Throughout the book, Palmer takes on those heavyweight historians — Jacob Burckhardt, Paul Oskar Kristeller, Eugenio Garin, Hans Baron — who have claimed a particular “X Factor” for the Renaissance. She unpicks their claims in the typical mode that keeps modern historians in post: revealing antecedents that had thought or acted similarly at a yet earlier date, juxtaposing contemporaries who had a very different worldview in the same place and time, and deflating any “great man” or “grand narrative” reading of the Renaissance.
All of this is fair game, but in the end it can amount to crosshatching the same old sketch: the great figures emerge no less great, the Renaissance emerges no less important and all of the X Factors are no less in evidence. While Inventing the Renaissance does reveal how subsequent centuries have imposed their “Myths of a Golden Age”, the chief mythmakers emerge to be those living in that very era: for many Italian humanists, artists and patrons, their intense conviction that they were revivifying the spirit of ancient wisdom, beauty and self-belief did in fact drive their age to unparalleled achievements.
For all the iconoclastic myth-busting and unrelenting veil-pulling, Palmer ends on amusingly familiar ground: she settles for the theory of her Harvard PhD supervisor, James Hankins, who posits “virtue politics” — i.e. an action-based model of nobility — as the best shorthand for understanding how Renaissance humanism worked (and how Machiavelli rebelled).
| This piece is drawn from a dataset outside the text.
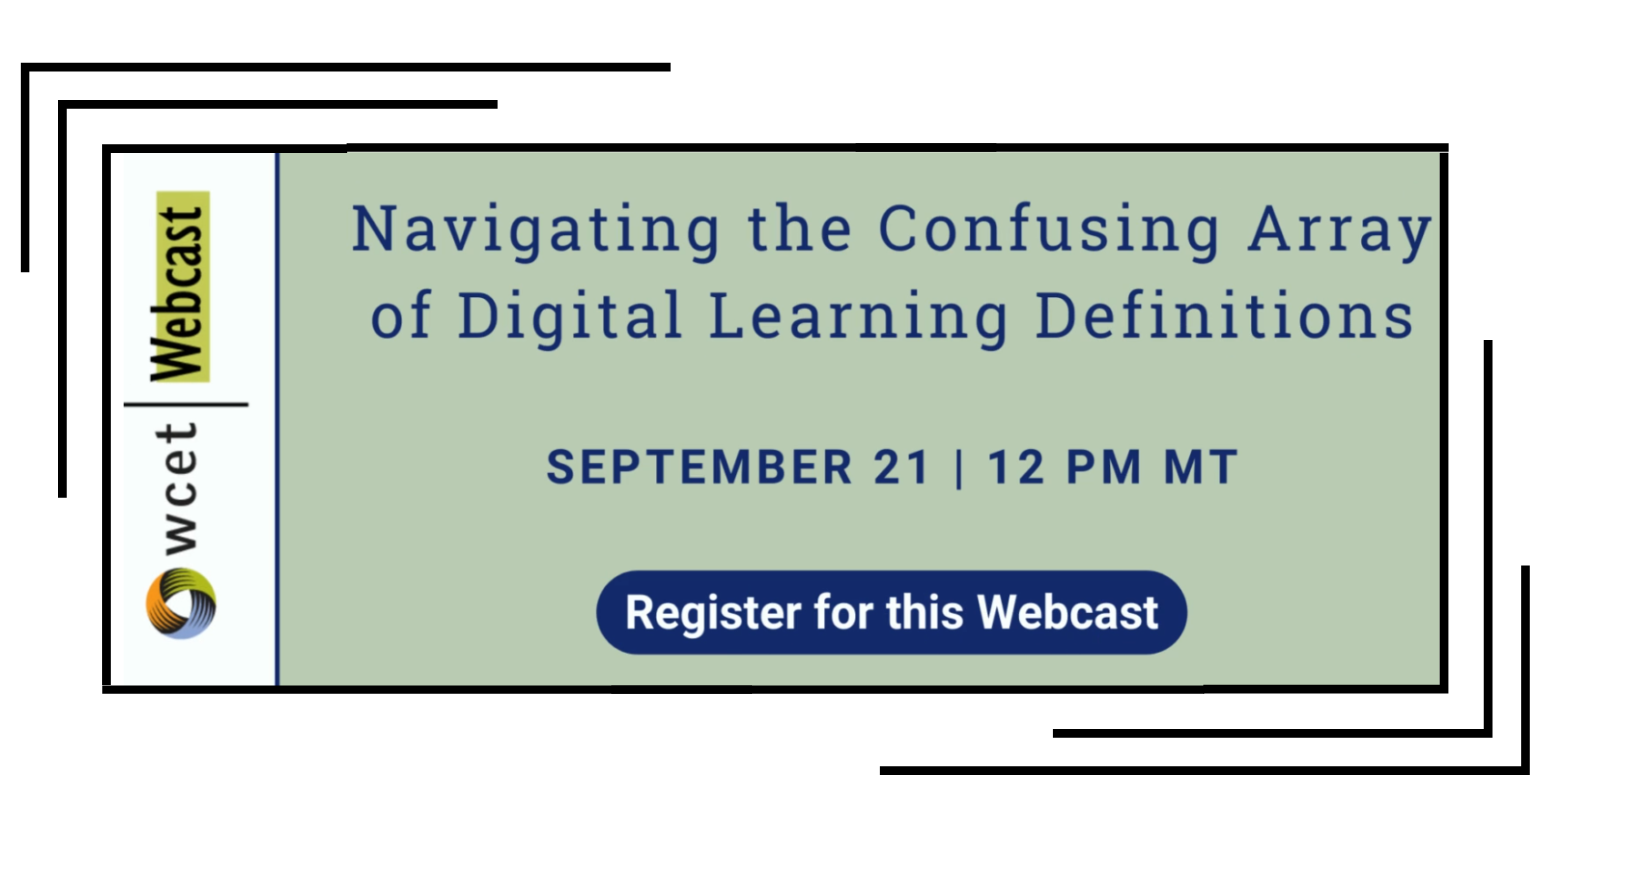 ad for wcet webcast - Navigating the Confusing Array of Digital Learning Definitions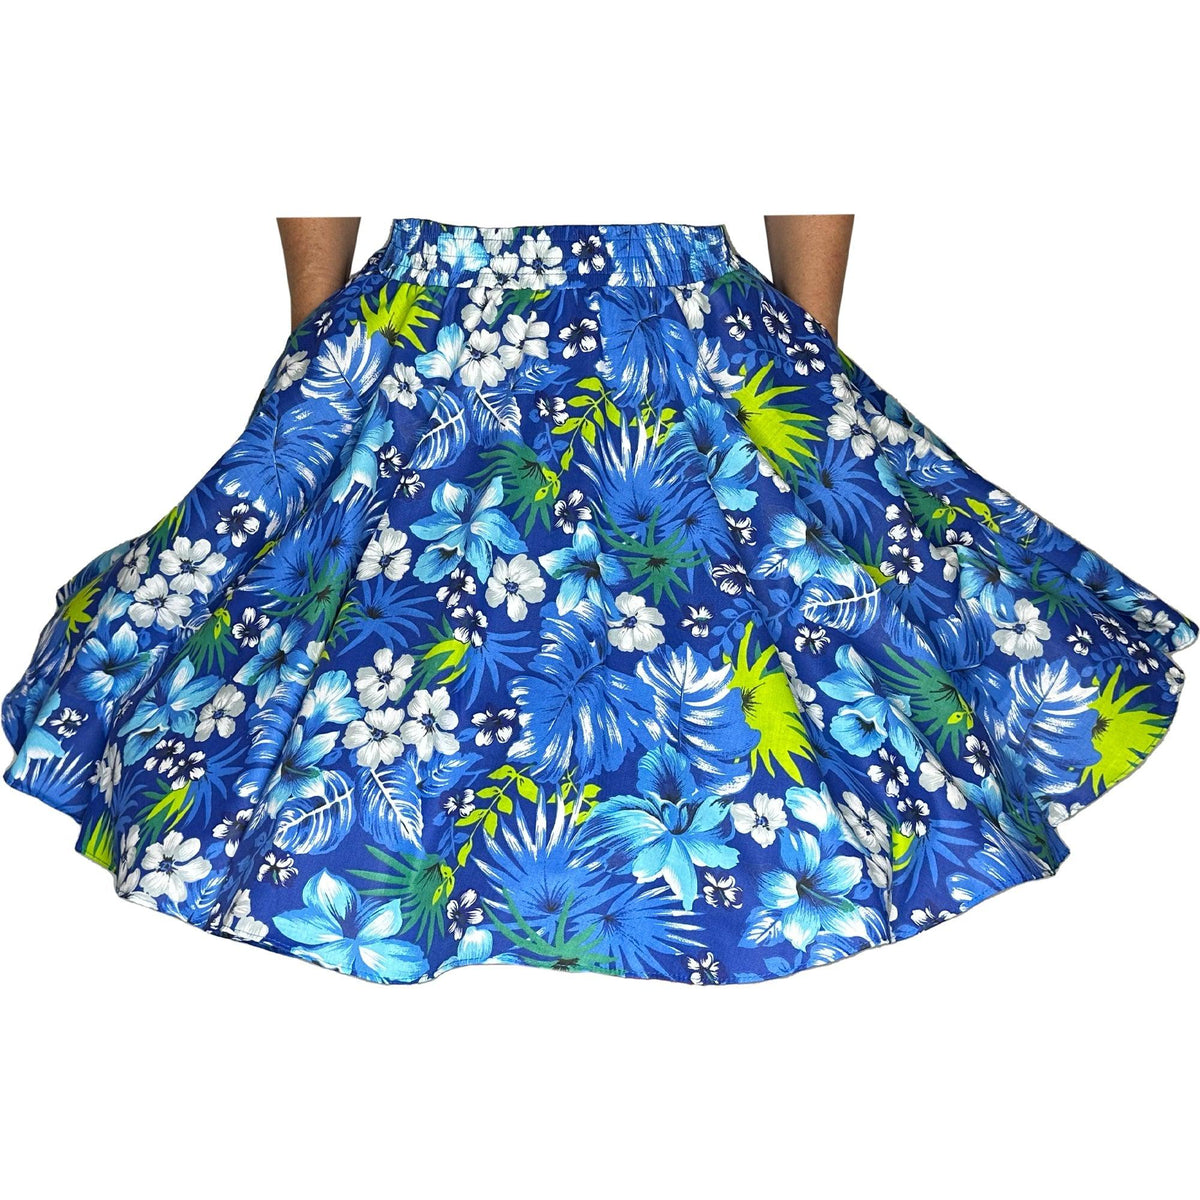 A woman wearing a Tropical Hawaiian Square Dance Skirt adorned with palm leaves and Hibiscus flowers from Square Up Fashions.

It may be a little underwhelming that, after so long a ride, the book’s conclusion is effectively: “It’s complicated, but your preconceptions are fundamentally correct.”
Two excellent diagrams open the work: a Medici family tree and an eye-wateringly complex flowchart of the shifting allegiances and marital alliances among major Italian families. (Twelve double-headed arrows point to the Milanese magnates Visconti Sforza.) It’s disappointing, then, that the rest of the text is very light on illustration, with just a few black-and-white images appearing sporadically. For such an exuberantly colourful book, the extra cost of inserting some proper plates would have been a well-earned complement.
Though this big book was not written for me, I’m glad to have joined the learned and lucid romp back to where I began. The Renaissance remains recognisable as the golden age of book production, of painting and sculpture, of forging liberal arts education, of merit-based social mobility, of studying and salvaging antiquities and of the world-changing realisation that individual and societal betterment is possible, with history as the liberatory guide to the future.